The Entropy Plague
By Jonathan Morris
Starring: Peter Davison, Janet Fielding,
Mark Strickson and Sarah Sutton
There’s a lot to enjoy in The Entropy Plague. The TARDIS crew are forced to join a ragtag bunch of refugees desperately trying to escape from E-Space, while the ravages of entropy take hold. Making another forced landing on the planet Apollyon, The Doctor, Nyssa and Turlough go on the trail to try and find Tegan, following her sudden kidnapping during their escapades on Isenfel.
They find a society under extreme pressure, clinging to survival, yet infused by an almost celebratory sense of fatalism. There’s an escape route available, controlled by scientist Pallister in his citadel, guarded by his small army of sentinels. Departure from Apollyon requires that a macabre price be paid. The Doctor and his friends actually succeed in finding Tegan fairly early on in this adventure - turns out she’s been kidnapped by a crew of space pirates.

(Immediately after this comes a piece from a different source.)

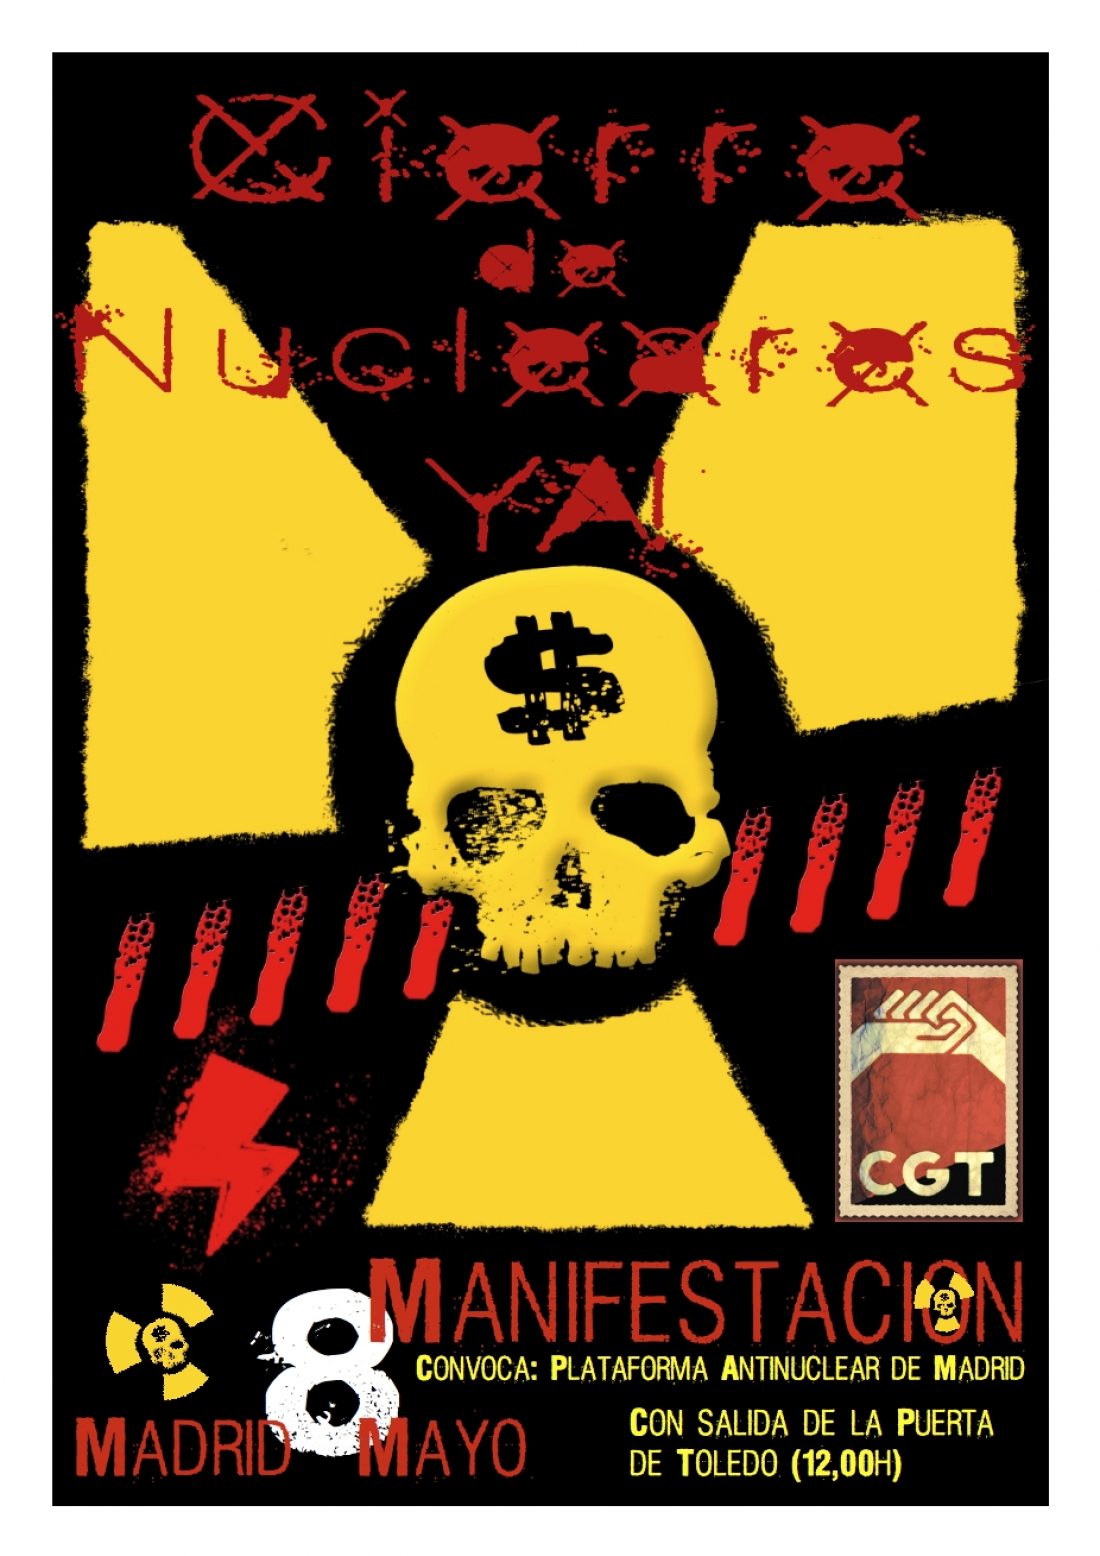 Madrid, 8 de Mayo : Manifestación «Nucleares, cierre YA !»

And that’s the point where my enjoyment of The Entropy Plague foundered. There’s absolutely nothing wrong with an adventure that mixes things up a bit, and as Doctor Who has demonstrated on countless occasions, bizarre juxtapositions can work very well. However, a swashbuckling, bloodthirsty band, “Ha-HARRRGH”-ing for all they’re worth, speaking in pirate patois: I’m afraid it felt to me as if they’d blundered into the middle of the wrong adventure. It’s perhaps understandable to attempt to bring some levity to what is a bleak and, at times, shocking tale, but I’d have happily enjoyed the adventure without the pirates in it at all.
Pallister exerts an iron control on the only route out of E-Space, or perhaps more accurately, iron-clad, in the form of his steam-and-clockwork powered robots. Robert Duncan brings just the right level of dangerous charm to an individual who has after all, maintained his stranglehold over the Apollyon portal back into N-Space in truly desperate times.
In truth though, the charm runs thin. Pallister has no hesitation in indiscriminately turning the firepower of his robotic sentinels against the refugee populace, the same populace which provides the power source for his portal-controlling machinery, in the truly grotesque form of human batteries. And as if things couldn’t get any worse, there’s the fearful prospect of roving Sandmen, spreading the titular plague amongst the camps outside Pallister’s citadel. Jonathan Morris introduces so many powerful images and concepts into this adventure, providing much for the listener to enjoy.
This really should be Nyssa’s story, considering the eventual outcome. The horror of seeing at close quarters the effects of entropy upon others, particularly knowing what happened to her home planet and the sacrifice she makes for her friends, knowing she’ll never see her children again remind the listener of the ordeals the Trakenite has faced.
It’s a shame then, about those pirates.